Whereupon, Miss Dorothy C. threw herself backward with shrieks which might mean anger or delight, but were equally confusing to the order-loving Mrs. Chester, who cried, in reproof:

"Oh! you naughty baby! Whoever you belong to should teach you better than that! Now, just see. All my nice clean matting splashed with milk, and milk-grease is hard to get out. Now you lie there till I get a pail and cloth – if you hurt yourself I can't help it. John said you were a joke, but you're no joke to me!"

Having just finished her spring cleaning and having had, for economy's sake, to do it all herself, the housewife's tidy soul was doubly tried, and she had a momentary desire to put the baby and her wagon out upon the street again, to take its chances with somebody else. However, when she re-entered with her pail and cloths, she was instantly diverted by the sight that met her.

Dorothy C. had managed to pull her coat over her head and in some unknown fashion twist the strings of her bonnet around her throat, in an effort to remove the objectionable headgear. The result was disaster. The more she pulled the tighter grew that band around her neck and her face was already blue from choking when Mrs. Chester uncovered it and rescued the child from strangling.

As the lady afterward described the affair to her husband it appeared that:

"Seeing that, and her so nigh death, as it were, gave me the terriblest turn! So that, all unknown, down sits I in that puddle of milk as careless as the little one herself. And I cuddled her up that close, as if I'd comforted lots of babies before, and me a green hand at the business. To see her sweet little lip go quiver-quiver, and her big brown eyes fill with tears – Bless you, John! I was crying myself in the jerk of a lamb's tail! Then I got up, slipped off my wet skirt and got her out of her outside things, and there pinned to her dress was this note. Read it out again, please, it so sort of puzzles me."

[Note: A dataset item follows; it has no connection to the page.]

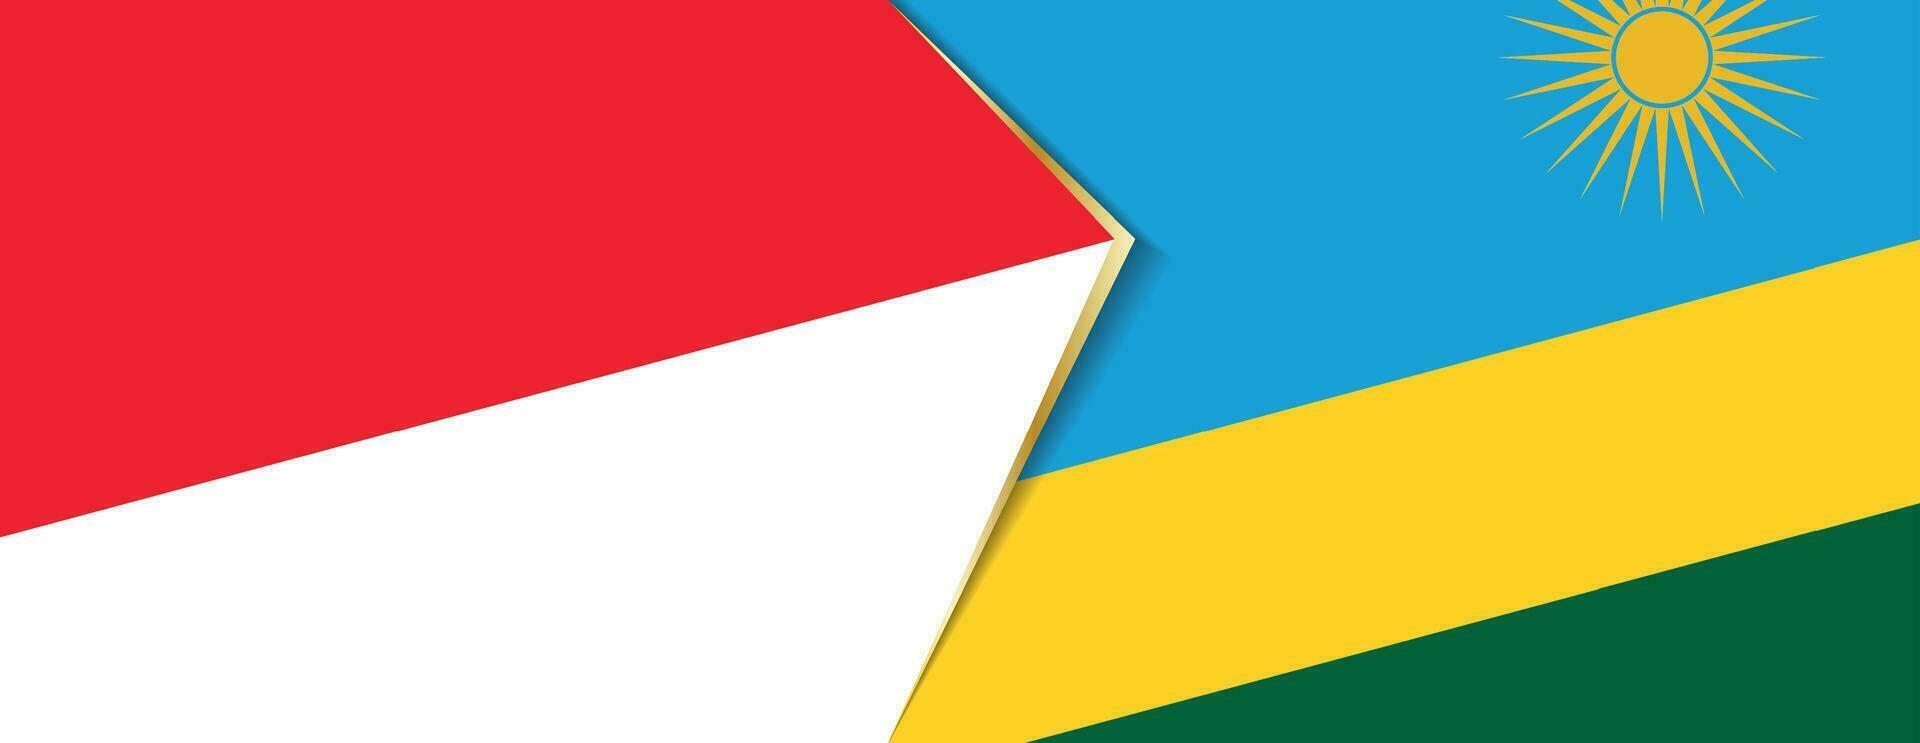 Indonesia y Ruanda banderas, dos vector banderas

So the postman read all that they were to learn, for many and many a day, concerning the baby which had come to their home; and this is a copy of that ill-spelled, rudely scrawled document:

"thee child Is wun Yere an too Munths old hur burthDay is aPrill Furst. til firthur notis Thar will Bee a letur in The posOfis the furst of Everi mounth with Ten doLurs. to Pay." Signed:

    "dorothy's Gardeen
    hur X mark."

Now John Chester had been a postman for several years and he had learned to decipher all sorts of handwriting. Instantly, he recognized that this scrawl was in a disguised hand, wholly different from that upon the card pinned to the child's coat, and that the spelling was also incorrect from a set purpose. Laying the two bits of writing together he carefully studied them, and after a few moments' scrutiny declared:

"The same person wrote both these papers. The first one in a natural, cultivated hand, and a woman's. The second in a would-be-ignorant one, to divert suspicion. But – the writer didn't think it out far enough; else she never would have given the same odd shape to her r's and that twist to the tails of her y's. It's somebody that knows us, too, likely, though I can't for the life of me guess who. What shall we do about her? Send her to an Orphanage, ourselves? Or turn her over to the police to care for, Martha dear?"

His face was so grave that, for a moment, she believed him to be in earnest; then that sunny smile which was never long absent from his features broke over them and in that she read the answer to her own desire. To whomsoever Dorothy C. belonged, that heartless person had passed the innocent baby on to them and they might safely keep her for their own.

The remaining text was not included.